The term “stainless steel” is not a complete material specification. The order should identify the grade, applicable material standard, surface finish, welding requirements, and any pickling or passivation treatment. Stainless fasteners should also be checked for compatibility with the tread and supporting stringers.

Material Comparison

Material Corrosion Resistance Relative Initial Cost Typical Environment Important Notes
Uncoated carbon steel Low without an added coating Low Dry indoor areas Usually painted or coated when exposed to moisture
Hot-dip galvanized steel Good for many outdoor environments Medium Outdoor industrial and general infrastructure Confirm coating standard, finish, and repair requirements
304 stainless steel Good in many hygienic and moderately corrosive areas High Food plants, interiors, and washdown areas Not the preferred grade for every chloride exposure
316 stainless steel Higher resistance in many chloride and chemical environments Higher Coastal, marine, and chemical facilities Grade selection still requires an environmental review

Plain, Serrated, and Anti-Slip Surfaces

Plain Grating

Plain grating uses bearing bars with smooth top edges. It is economical, easy to clean, and suitable for dry areas where additional slip resistance is not required. Plain treads should still have a suitable nosing because the leading edge is a critical foot-contact area.

Serrated Grating

Serrated bearing bars have notches cut or formed into their top edges. These notches provide additional contact edges and can improve traction where water, oil, mud, ice, or process residue may be present.

Grating stair treads

Serration does not eliminate slip risk. Performance depends on the contaminant, footwear, walking direction, notch pattern, nosing, drainage, and maintenance. Because serrations alter the top portion of the bearing bar, serrated grating should be checked using the manufacturer’s corresponding load table rather than a plain-bar table.

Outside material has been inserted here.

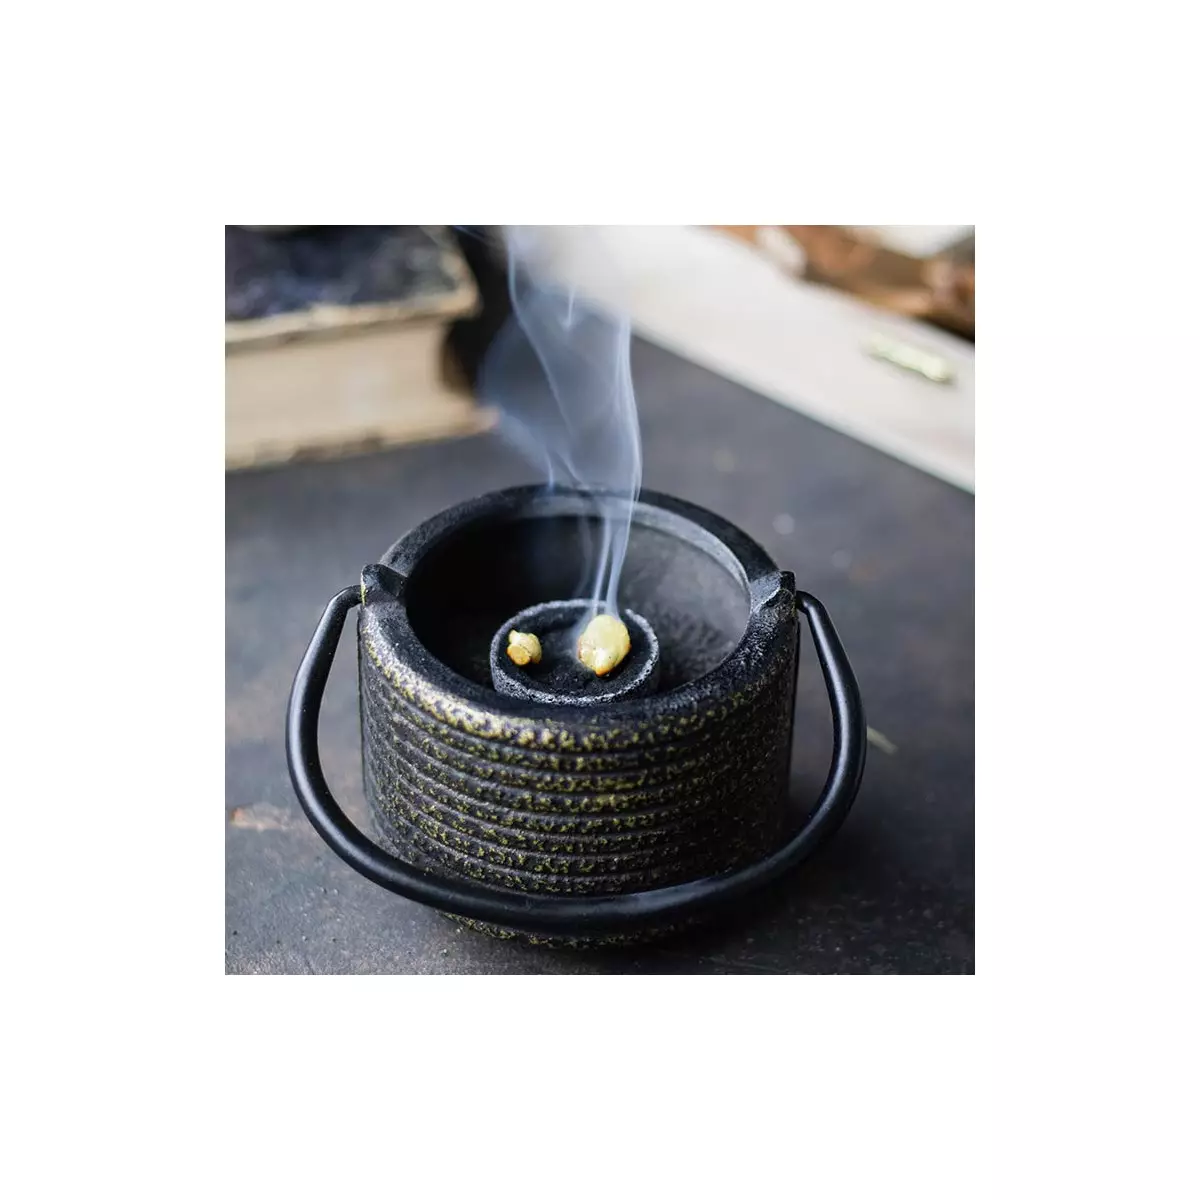 Kifinomult japán ízésvilágot tükröző öntöttvas füstölőedény fekete-bronz színben, mely többféle módon is használható.
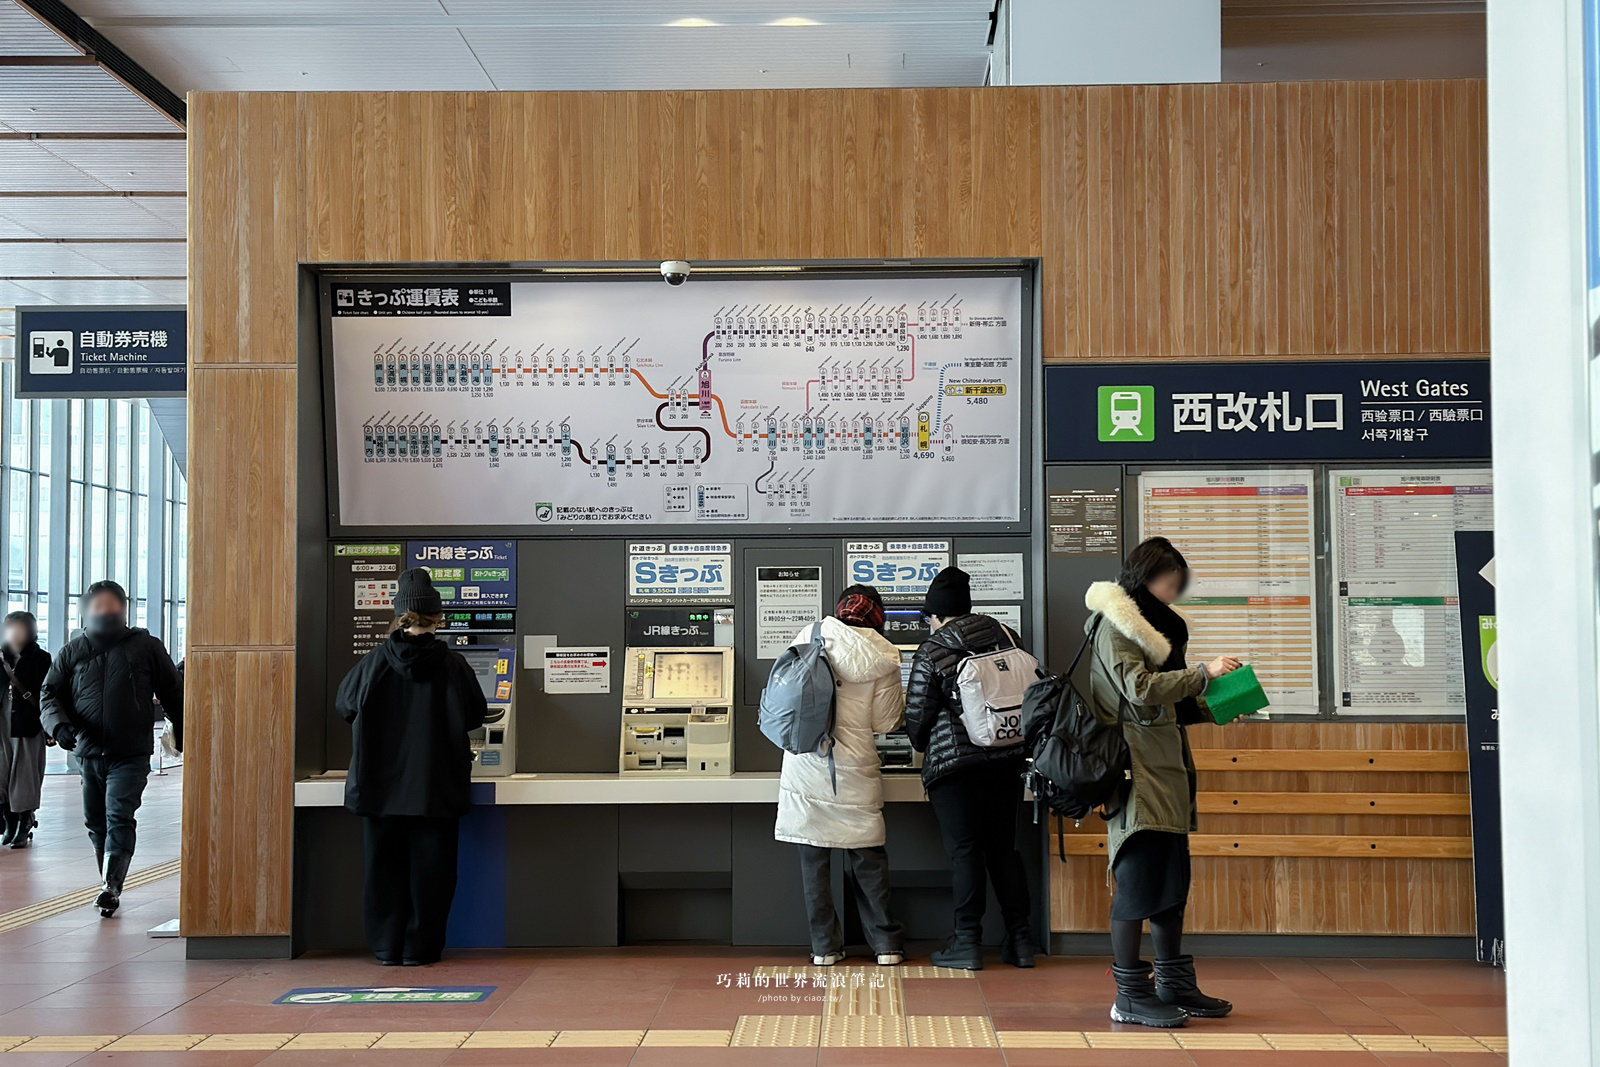 【北海道JR PASS攻略】北海道自由行不開車必買「JR北海道鐵路周遊券」如何領取、預約指定席、路線圖 @巧莉的世界流浪筆記

Anti-Slip Nosing and Inserts

Additional anti-slip treatment is often concentrated at the nosing because this is where the user places the front of the foot. Options include checkered plate nosing, abrasive grit nosing, perforated nosing, cast abrasive strips, and replaceable anti-slip inserts.

Surface Type Suitable Conditions Advantages Limitations
Plain bearing bars Dry, clean indoor areas Economical and easy to clean Less traction when contaminated
Serrated bearing bars Wet, oily, muddy, or outdoor areas More contact edges across the tread Can retain some debris and requires a serrated load rating
Checkered plate nosing General industrial use Durable, visible leading edge Raised pattern alone may not suit severe contamination
Abrasive nosing High slip-risk areas High initial traction Abrasive layer can wear and may require replacement
Perforated or toothed nosing Mud, snow, and demanding outdoor service Aggressive edge and drainage Footwear and cleaning requirements should be reviewed

The correct surface should be selected from a slip-risk assessment. A heavily serrated surface is not automatically the best choice for every facility. Barefoot areas, hygienic plants, public stairs, and sites using soft footwear may require different surface details.

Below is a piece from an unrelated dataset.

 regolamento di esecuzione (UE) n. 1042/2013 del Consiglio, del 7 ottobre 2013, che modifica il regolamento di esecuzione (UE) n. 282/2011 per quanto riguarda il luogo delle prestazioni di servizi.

Stair Tread Nosing Types and Sizes

Nosing strengthens the front edge, makes the leading edge easier to identify, and provides a more consistent foot-contact surface. It also protects the first bearing bar from repeated impacts.

Checkered Plate Angle Nosing

A checkered plate bent to form a 90-degree angle is widely used on steel grating treads. Typical leg dimensions may be approximately 30 to 50 mm, with thickness commonly around 3 to 5 mm. Imperial products may use unequal legs such as 1-1/4 × 1-3/4 inches. Dimensions vary with the tread depth, bearing bar size, and manufacturer’s standard detail.

Plain Angle Nosing

A plain steel angle provides a strong leading edge but offers less surface texture than checkered or abrasive nosing. It may be suitable where the stair is dry or where a separate anti-slip strip will be fitted.

Abrasive Nosing

Abrasive nosing incorporates mineral grit, aluminum oxide, or another high-friction material. It is used in areas where improved traction and visual contrast are important. The substrate, adhesive or bonding system, expected wear, temperature, and chemical exposure should be specified.

Perforated Nosing

Perforated, punched, or toothed nosing allows contaminants to pass through and creates additional gripping edges. It is frequently considered for outdoor stairs exposed to rain, snow, mud, or loose material.

Contrasting Nosing

Contrasting nosing uses a different color or material to make each tread edge more visible. Yellow-painted steel, yellow abrasive strips, and contrasting metallic finishes are common. The required contrast and dimensions should be coordinated with the project’s accessibility, safety, and architectural requirements.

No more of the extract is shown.